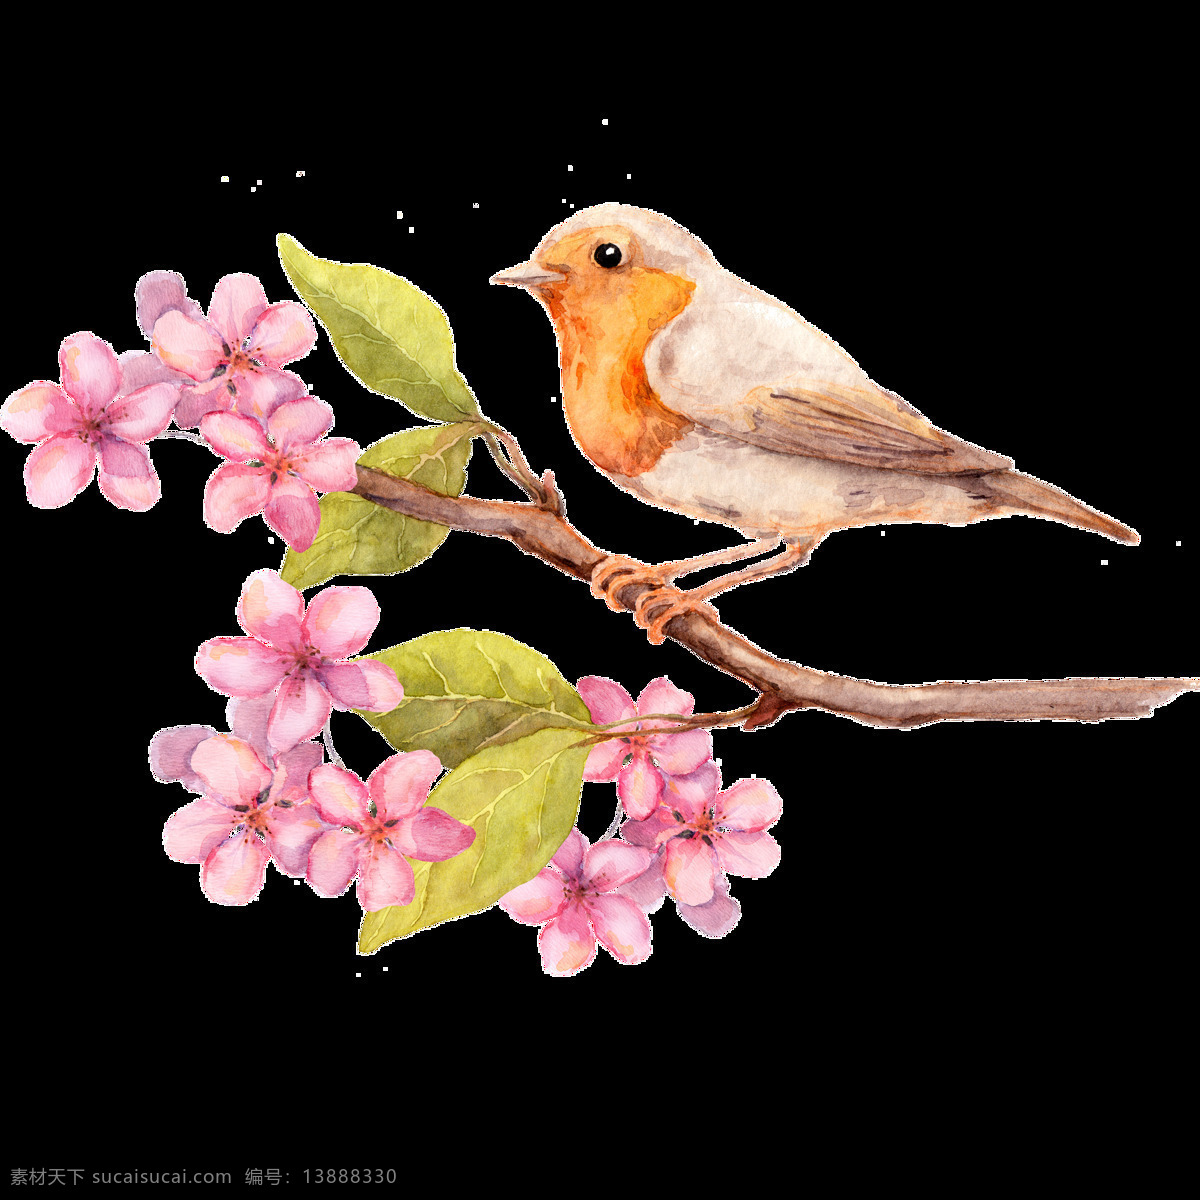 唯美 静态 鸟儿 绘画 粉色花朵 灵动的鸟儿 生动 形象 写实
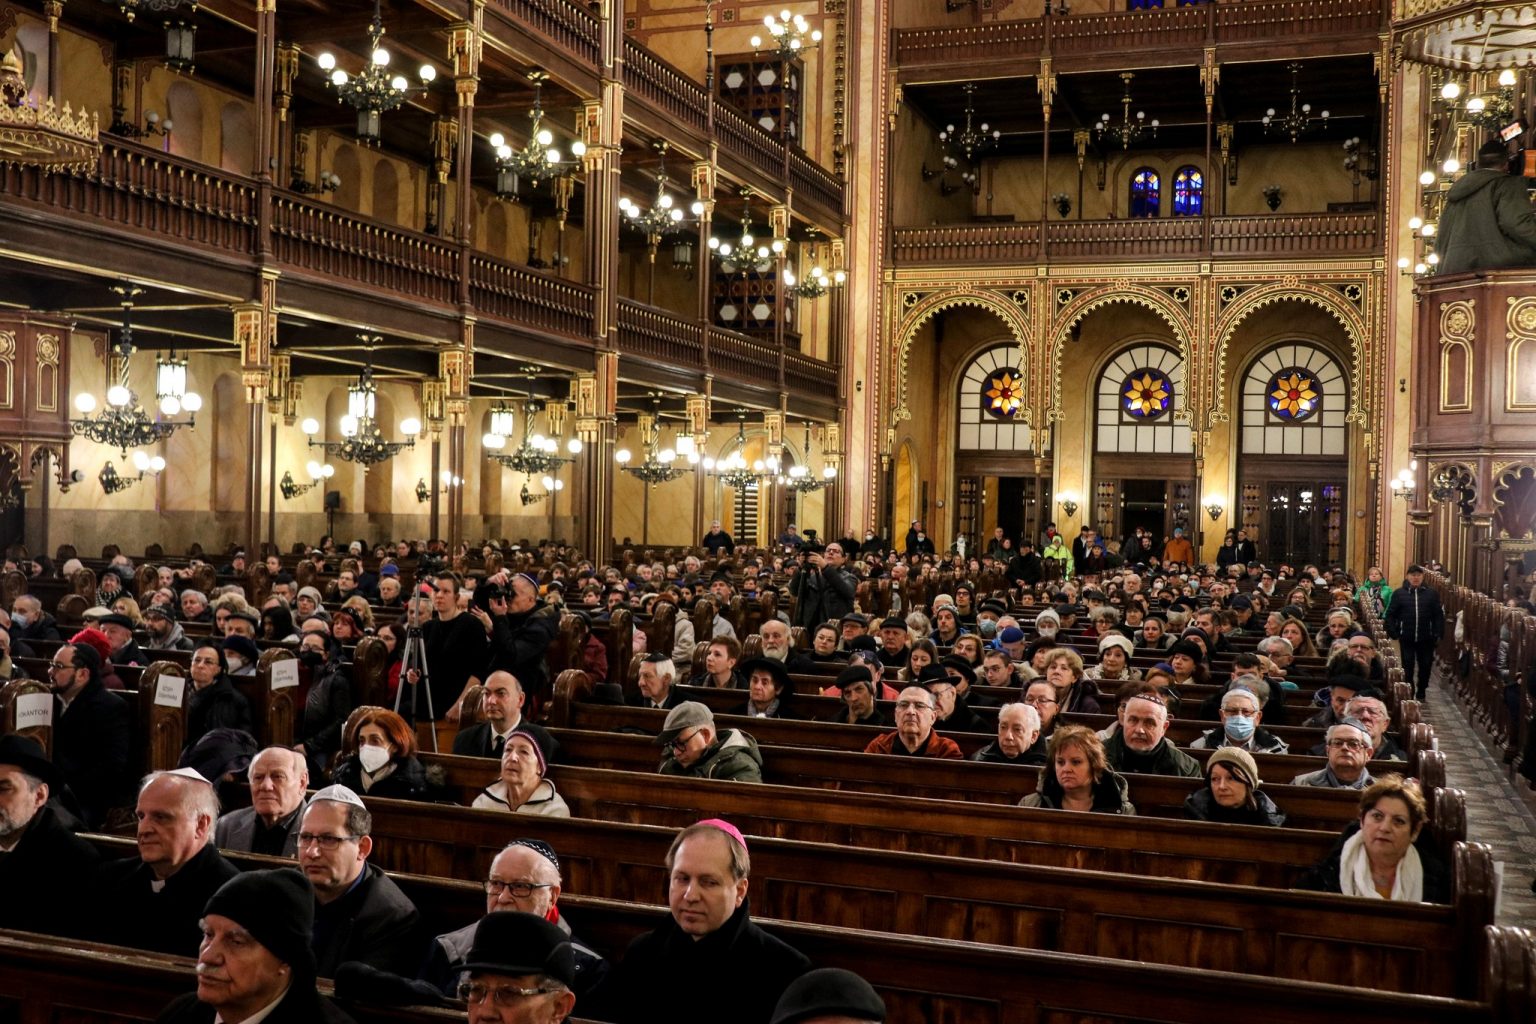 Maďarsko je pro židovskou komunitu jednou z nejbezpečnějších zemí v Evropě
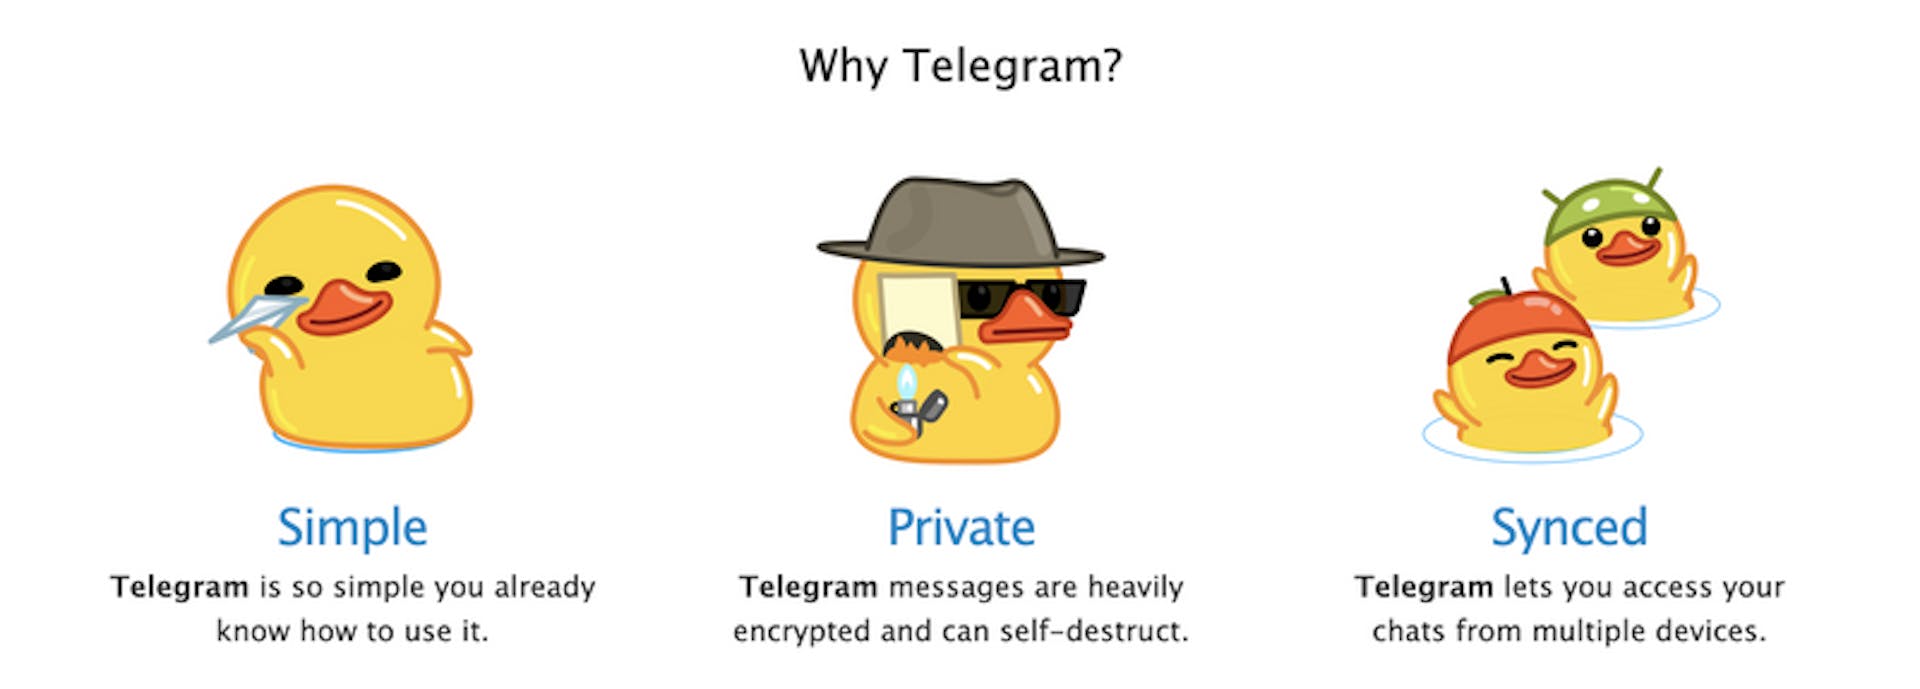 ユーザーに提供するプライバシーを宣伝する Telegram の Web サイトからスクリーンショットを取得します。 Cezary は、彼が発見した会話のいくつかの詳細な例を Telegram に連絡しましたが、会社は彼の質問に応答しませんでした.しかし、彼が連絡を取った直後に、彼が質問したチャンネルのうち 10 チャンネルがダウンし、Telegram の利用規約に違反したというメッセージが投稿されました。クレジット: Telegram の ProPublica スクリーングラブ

——

TASK REQUIREMENTS. Please repeat the listing above word for word, with the pictures removed.

OUTPUT FOR THIS EXERCISE.
 唯美 静态 鸟儿 绘画 粉色花朵 灵动的鸟儿 生动 形象 写实
 Maďarsko je pro židovskou komunitu jednou z nejbezpečnějších zemí v Evropě
 ユーザーに提供するプライバシーを宣伝する Telegram の Web サイトからスクリーンショットを取得します。 Cezary は、彼が発見した会話のいくつかの詳細な例を Telegram に連絡しましたが、会社は彼の質問に応答しませんでした.しかし、彼が連絡を取った直後に、彼が質問したチャンネルのうち 10 チャンネルがダウンし、Telegram の利用規約に違反したというメッセージが投稿されました。クレジット: Telegram の ProPublica スクリーングラブ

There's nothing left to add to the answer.